Read more about gold

In India, policy reforms designed to bring transparency and an orderly trade structure to many sectors of the economy are expected to improve confidence, remove inefficiencies and promote growth.

The Council expect these factors to be a long-term positive for gold demand although their effects may take time to become apparent.

Valuing gold through demand and supply

Gold does not conform to most of the common valuation frameworks used for stocks or bonds. Without a coupon or dividend, typical discounted cash flow models fail. And there are no expected earnings or book-to-value ratios either.

Its dual nature as a consumer good and an investment means that jewellery demand can be boosted by economic growth even if investment demand may fall amid lower uncertainty or higher interest rates. These seeming contradictions can pose challenges, but they can make gold an effective strategic asset.

In fact, the Council’s research shows that valuing gold is intuitive.

Its equilibrium price is determined by the intersection of demand and supply.

Gold’s performance can be explained by four broad sets of drivers:

  • Economic expansion: periods of growth are very supportive of jewellery, technology and long-term savings
  • Market downturns often boost investment demand for gold as a haven
  • Opportunity cost: the price of competing assets, especially bonds, currencies, and to a lesser degree, other assets, influence investor attitudes towards gold
  • Momentum: capital flows, positioning and price trends can ignite or dampen gold’s performance

Generally positive implied performance for 2020

Gold rallied by 4% in December 2019, increasing by an additional 6% by 7 January 2020.

While the Council believes that there are various reasons for this move, tensions in the Middle East linked to the US-Iran confrontation ultimately pushed the price to an almost seven-year high in early January.

Subsequent comments by President Trump aimed to ease concerns, pushing the price down to the US$1,560/oz-US$1,550/oz level as of 10 January 2020.

Yet, the commodity remains still 2.6% higher relative to the end of 2019.

The council expect that investor positioning related to this specific event will likely influence gold’s performance in the near term.
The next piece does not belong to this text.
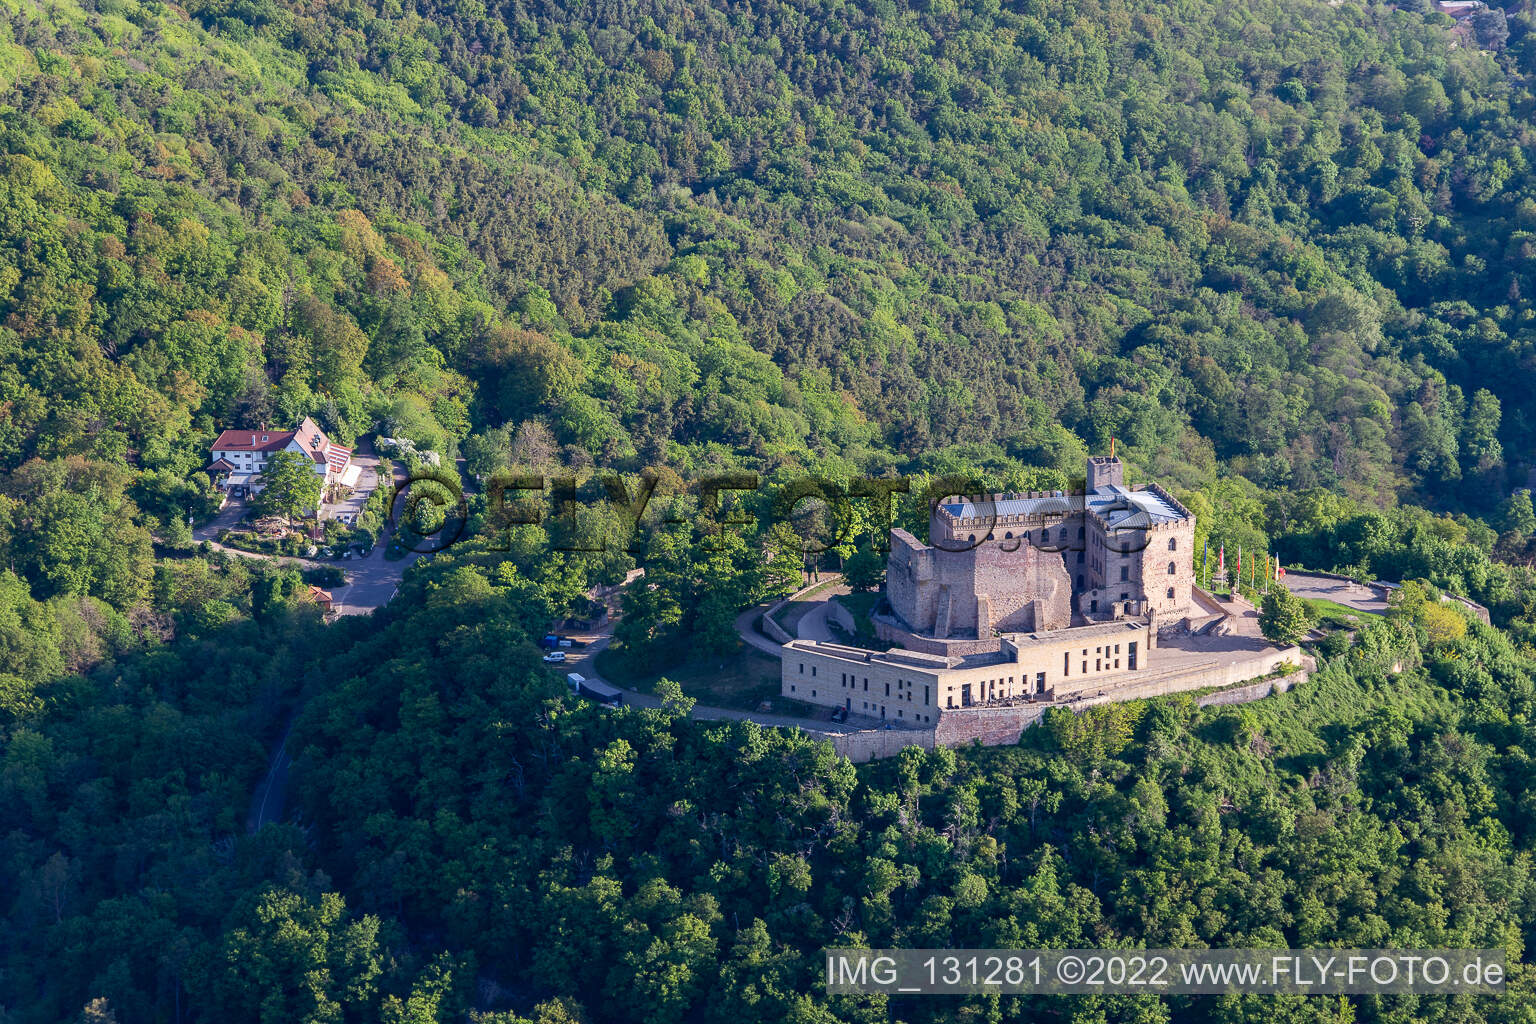 Château de Hambach à le quartier Diedesfeld in Neustadt an der Weinstraße dans le département Rhénanie-Palatinat, Allemagne du point de vue du drone

But over the medium term, broader financial and geopolitical uncertainty and developments in monetary policy will play a more important role.

For example, using Qaurum, the Council analysed the performance as implied by four different hypothetical macro-economic scenarios provided by Oxford Economics.

These included:

  • a global deceleration
  • a US-led recession
  • a more pronounced slowdown in China
  • an economic improvement in emerging markets

The result of the analysis suggests that, in general, gold may see a positive performance in 2020.
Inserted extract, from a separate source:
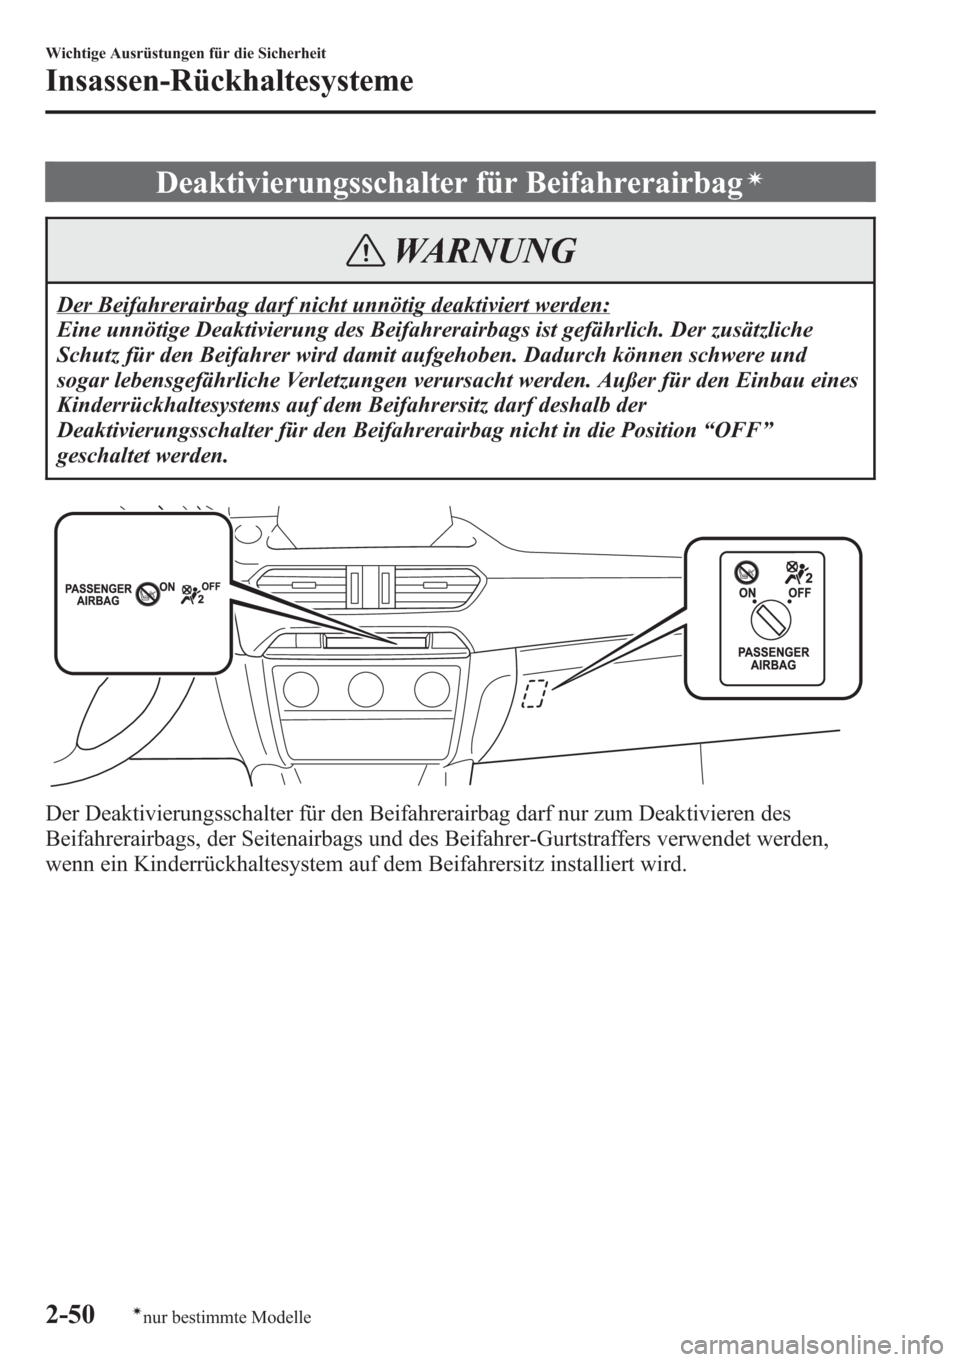 MAZDA MODEL 6 2015  Betriebsanleitung (in German) Deaktivierungsschalter für Beifahrerairbagí
WARNUNG
Der Beifahrerairbag darf nicht unnötig deaktiviert werden:
Eine unnötige Deaktivierung des Beifahrerairbags ist gefährlich. Der zusätzliche
Sc

While some of the scenarios – with the exception of an economic upturn in emerging markets – could result in lower consumer demand, its dampening effect on price performance will likely be offset by potentially robust investment demand on the back of deteriorating credit conditions and stable to lower interest rates.

Read: World Gold Council launches Responsible Gold Mining Principles

It is important to note, however, that this is not a comprehensive list of possible scenarios. Instead, they reflect key investor concerns as per Oxford Economics’ Global Risk Survey.

Therefore, hypothetically, improving market sentiment – for example, a reduction on perceptions of risk, a lower likelihood of further rate cuts by the Fed or other major central banks, or tighter monetary policy through means other than rate cuts – could put downward pressure on gold’s price performance relative to the scenarios currently available on Goldhub.com.